Auteur de l'article : Gérard Marle fc
Crédit photos : Editions L'Escargot

Simone Weil, la vérité pour vocation

De ses plus jeunes années jusqu’à sa mort précoce, Simone Weil (1909-1943) n’aura eu de cesse d’étonner, d’impressionner, parfois d’agacer. Avec des dizaines d’années d’avance sur son époque, elle dénonce le totalitarisme soviétique, la dictature de la bureaucratie, l’impossible rêve de la technique et l’incohérence d’un développement illimité dans un monde aux ressources limitées. Une telle clairvoyance ne souffre pas comparaison.
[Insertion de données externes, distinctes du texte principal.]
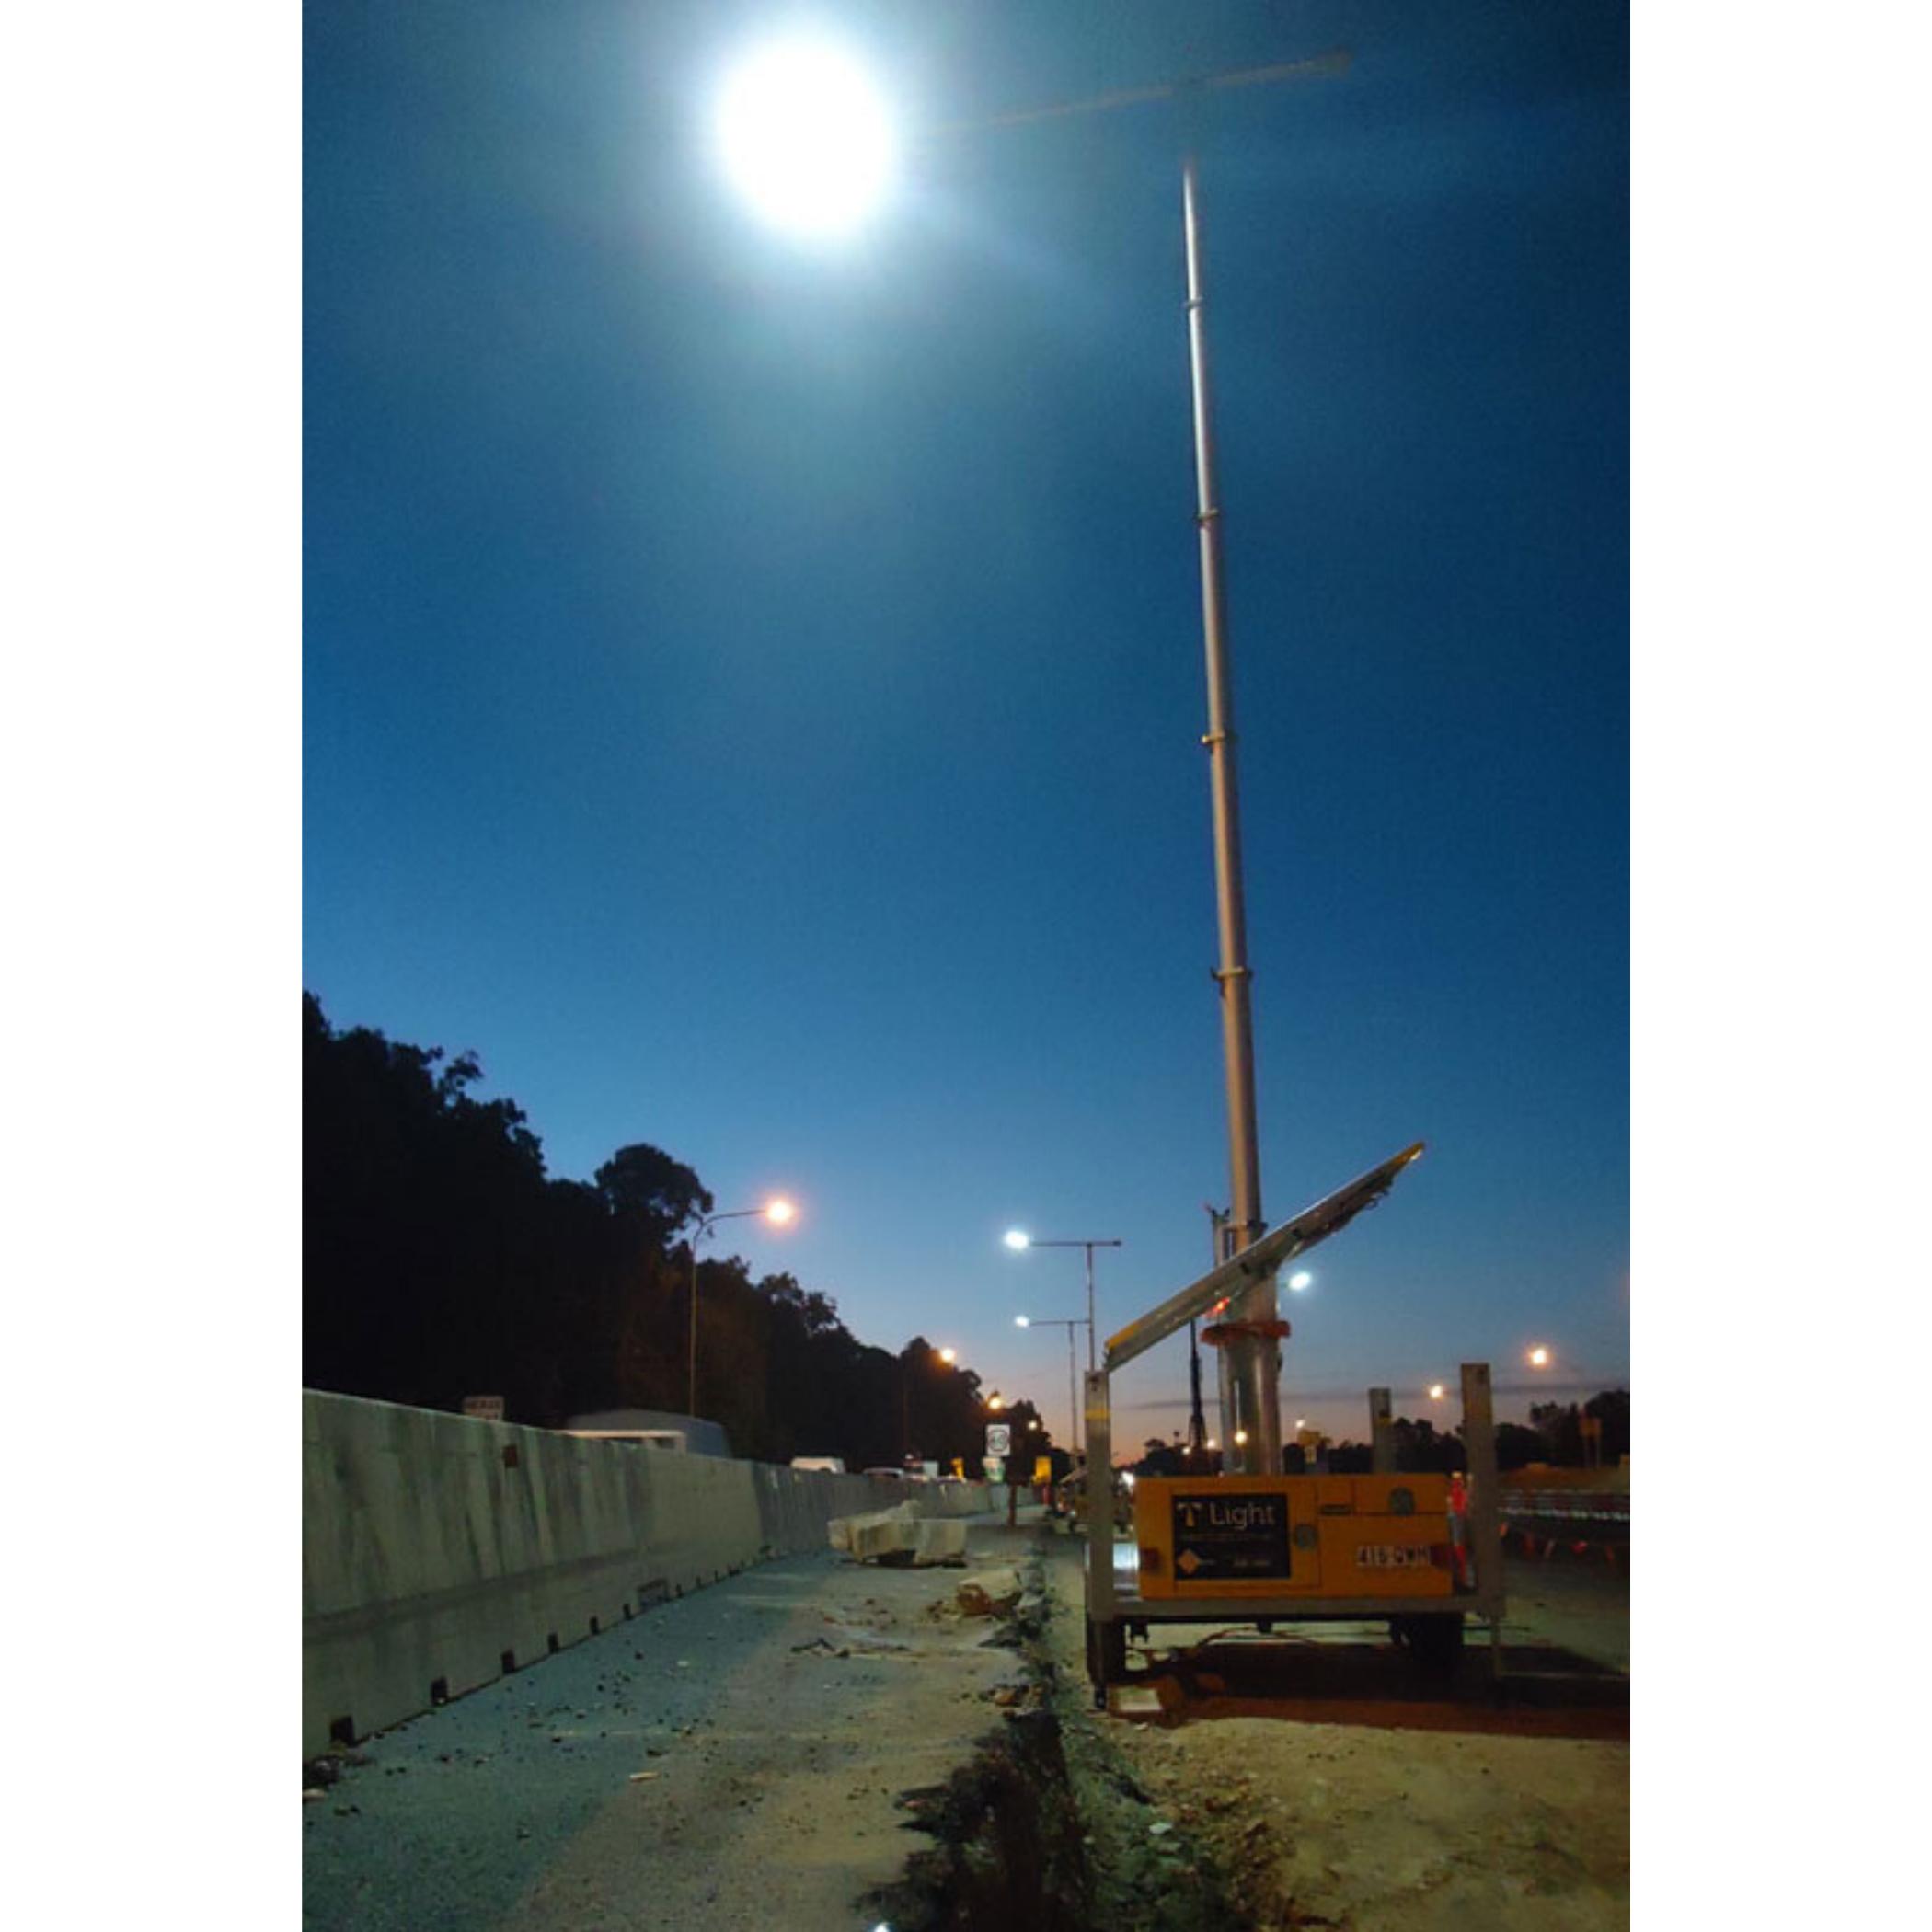 T- Light set up at a construction site

Son souci des pauvres relève quasiment de l’obsession

Simone Weil ne variera jamais : c’est le sort des plus démunis qui l’intéresse au premier chef. En pratique, son souci des pauvres relève quasiment de l’obsession. Enfant, elle réserve chocolat, sucre et argent de poche à un soldat dans les tranchées. Professeure, elle distribue son traitement à qui veut : caisses de chômage, presse syndicale, pauvres en tout genre. Elle distribue des livres à qui veut. Plus tard, ce sont ses tickets de rationnement qu’elle partage avec les réfugiés des camps voisins. Son existence entière, tout son temps, sont mobilisés. Au Puy-en-Velay Puy-en-Velay où elle est nommée en 1931, elle prend fait et cause pour les chômeurs, porte leurs revendications, s’affiche avec eux au bistrot et dans les manifestations. Quelques années après, elle décide d’entrer à l’usine pour sentir dans son cœur et dans sa chair l’oppression vécue par les travailleurs ; de ces neuf mois de travail à la chaîne, entrecoupés de périodes de chômage et d’arrêts pour maladie, elle ressort brisée, l’âme en morceaux. En 1936, la voici en Espagne pour combattre dans le camp républicain. Enfin, à l’aube de sa mort, c’est au sein de la Résistance qu’on la retrouve, d’abord dans les réseaux marseillais où elle distribue les Cahiers du Témoignage Chrétien, puis à Londres, dans les bureaux de la France libre où elle ne trouvera jamais sa place.

Simone Weil se rapproche du Christianisme

Pour elle, la pensée doit être libérée de toute emprise, seul est libre l’homme capable de penser par lui-même, d’exercer toute son attention, c’est à-dire de laisser son esprit disponible pour recevoir la vérité, qu’il ait ou non fait de longues études. Une exception, les conditions de travail peuvent être abrutissantes et tuer toute attention, toute pensée, comme elle l’a elle-même éprouvé. Simone Weil s’est longtemps décrite comme une
juive agnostique. Ce n’est qu’après son séjour à l’usine qu’elle se rapproche du christianisme, à la suite de plusieurs expériences mystiques. Après sa première rencontre avec le Christ, au Portugal, en 1935, en écoutant les chants des femmes de pêcheurs en procession, « chants d’une tristesse infinie », elle écrit : « Là j’ai eu soudain la certitude que le christianisme est par excellence la religion des esclaves, que des esclaves ne peuvent pas ne pas y adhérer, et moi parmi les autres. » Puis ce fut Assise, puis l’abbaye de Solesmes.
Elle ne se convertira pas au catholicisme, elle se refuse à tout dogme ; en revanche elle s’est convertie à l’amour du Christ, c’est-à-dire à la figure d’un Dieu fait homme, faible, dont la vie entre pauvreté et charité se termine tragiquement sur la croix. Là Dieu apprend à l’homme que la véritable force n’est pas celle des tyrans.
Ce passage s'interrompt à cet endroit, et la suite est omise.